The rehiring would be retroactive to March 15 and run at least until the end of the CEWS program on June 6, the release quoted Air Canada CEO Calin Rovanescu as saying.

“The Canada Emergency Wage Subsidy is an extremely important program to help employees and employers during this time of crisis, and as one of Canada’s largest employers most affected by COVID-19, we want to acknowledge the leadership of the Government of Canada in introducing it,” Rovinescu said in the release. Rovinescu and Air Canada’s chief financial officer, Michael Rousseau, are also giving up 100 per cent of their salaries, the press release said.

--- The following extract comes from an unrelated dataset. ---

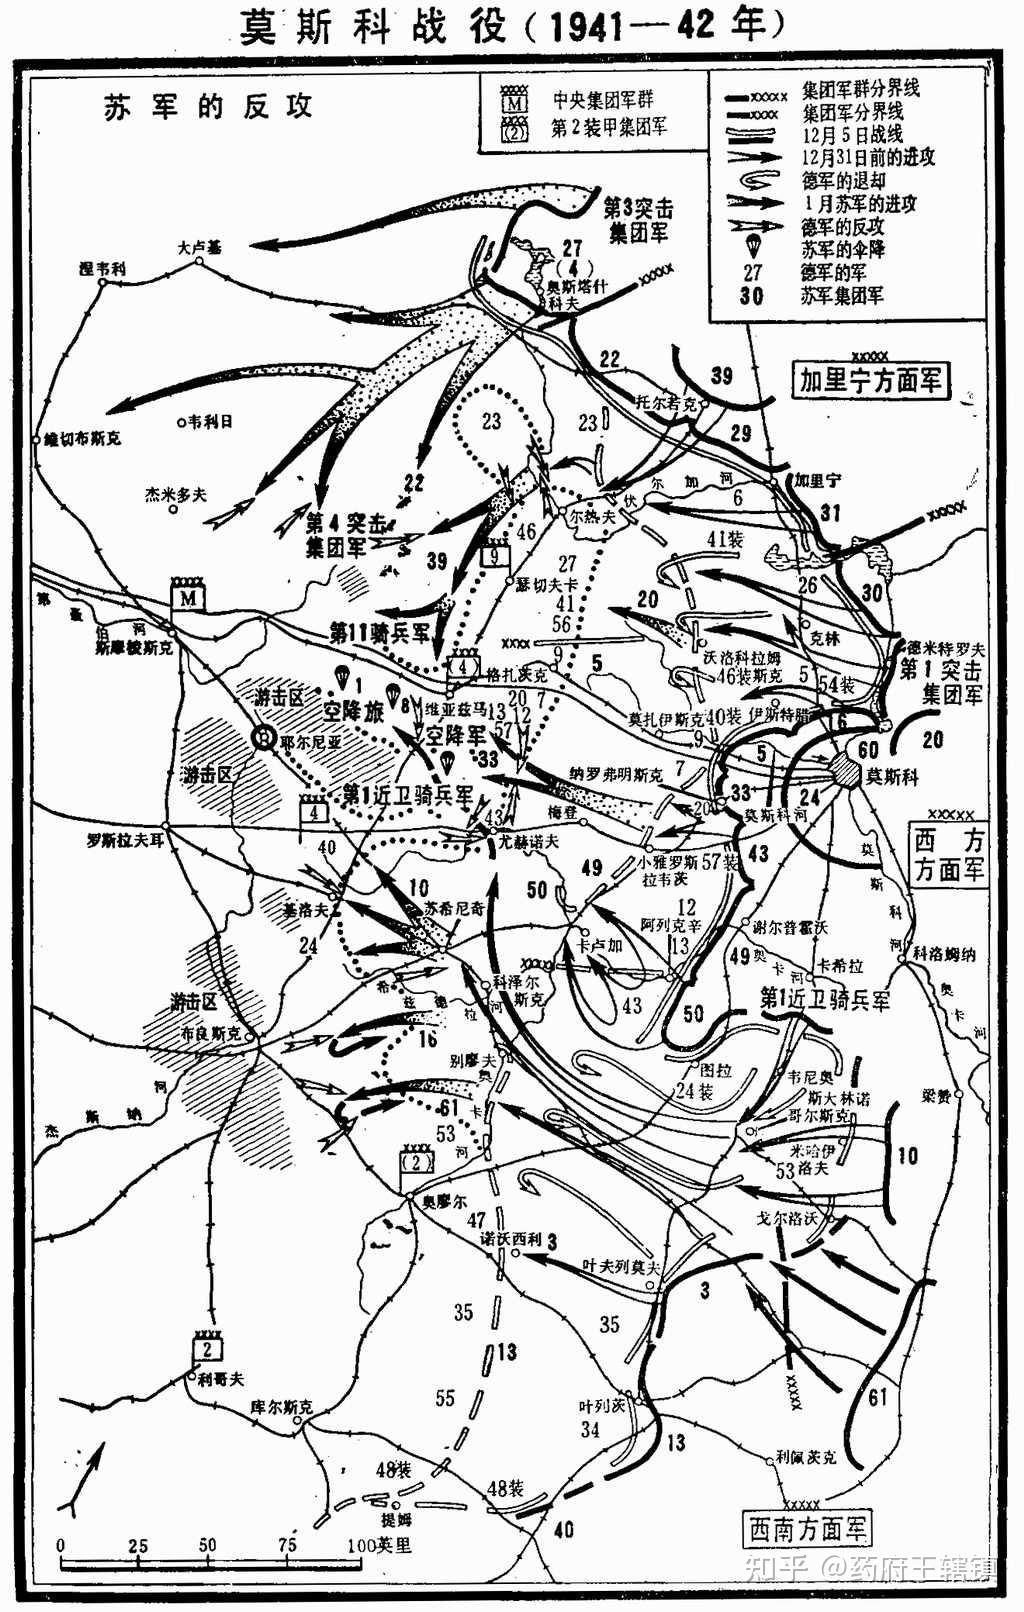 莫斯科战役德国篇强大的中央集团军群

“We are trying to keep as many of our employees as possible during the crisis and this measure will certainly help. Depending on wage levels, many furloughed employees will get a somewhat higher amount under CEWS than they would otherwise receive from Employment Insurance payments, plus they will maintain their health insurance and other benefit,” Rovinescu said in the release.

Ottawa is now willing to cover the majority of wages for businesses that lost 15 per cent of their revenue in March, instead of the steeper 30 per cent the government had proposed earlier.

But businesses still need to demonstrate the larger 30 per cent drop in revenue to get the subsidy in April and May, compared with the same months one year earlier, the draft bill says.

The draft also includes new flexibility by allowing certain businesses to use January and February as the reference point for their falling revenue.